Ce fut lorsqu’elle examina le contenu des tiroirs qu’elle le remarqua. Au début, elle entendit une sorte de bourdonnement ténu provenant du sol. Elle se pencha pour regarder sous la chaise et la vit. La poupée était là, sur le dos, étendue sur le carrelage. Le bruit étrange semblait provenir de son buste. L’esprit d’Elga pensa instinctivement à certaines poupées très en vogue dans son enfance, capables de parler ou de chanter grâce à des disques qui s’inséraient dans leur dos. Lorsque la voix se taisait et qu’on ne les arrêtait pas, elles continuaient à tourner à vide en émettant un craquement agaçant. Elle frissonna. Sa poupée n’était pas dotée d’un tel mécanisme et ne pouvait émettre aucun son.

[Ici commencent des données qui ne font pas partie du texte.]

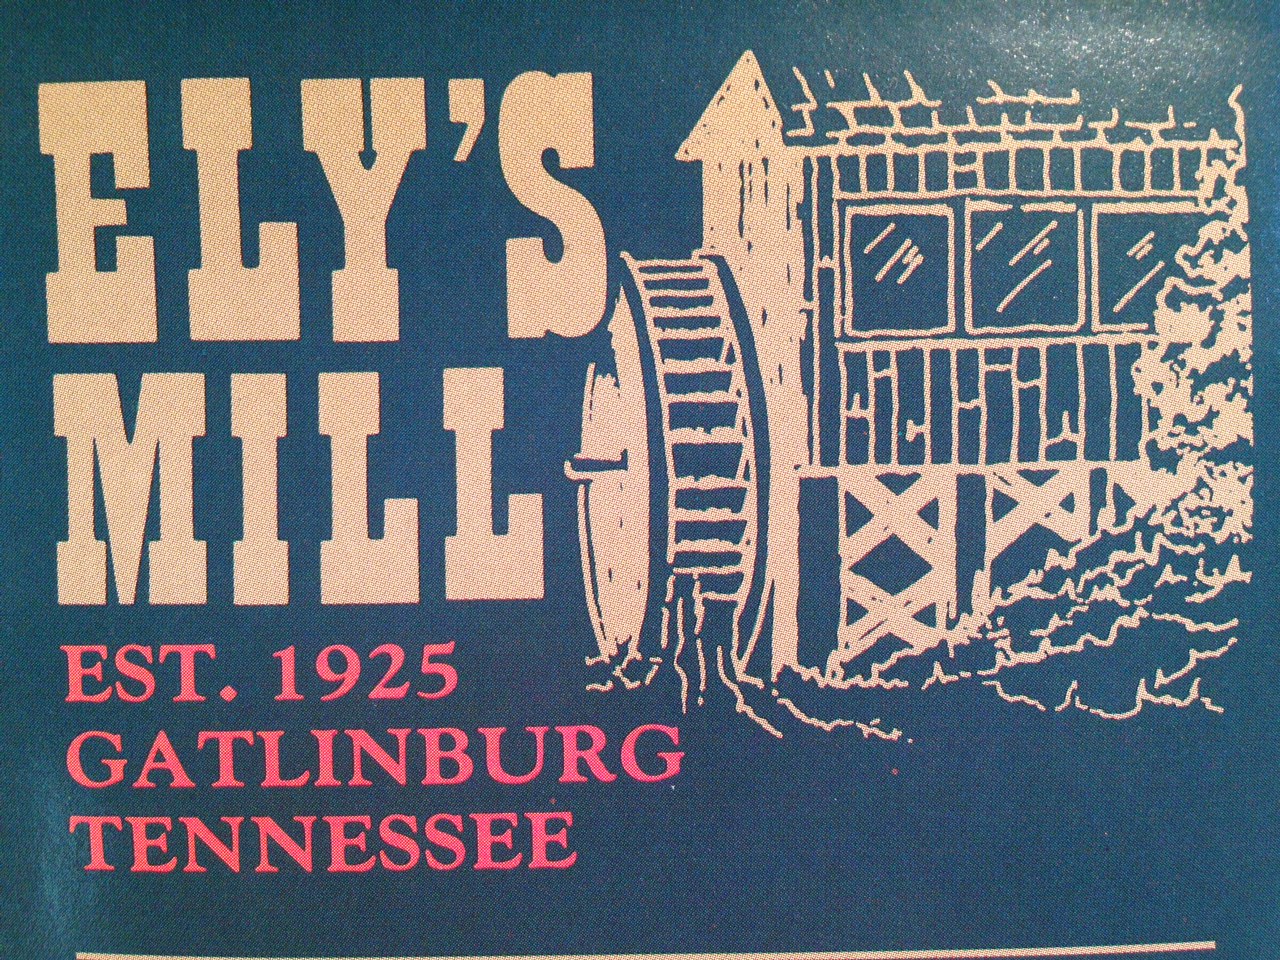 Elys Mill

Avec beaucoup de précaution, elle l’effleura puis la tira délicatement à elle. L’incroyable ressemblance avec Rea l’atteignit à nouveau comme un coup à l’estomac. Elle éprouva de la nausée à la seule idée de la toucher encore; elle prit deux profondes respirations et rassembla son courage. Elle l’attrapa et, après l’avoir retournée, souleva sa robe. Elle examina le dos à la recherche d’une improbable tirette ou autre ouverture.

Crétine! se dit-elle. Il était clair qu’il n’y avait rien et pourtant, il lui sembla encore entendre le bourdonnement en la manipulant. Elle fut prise d’un sentiment d’horreur qui lui tordit les intestins. Sans réfléchir, elle se leva d’un bond, enferma la poupée dans l’armoire et retourna se réfugier dans la cuisine.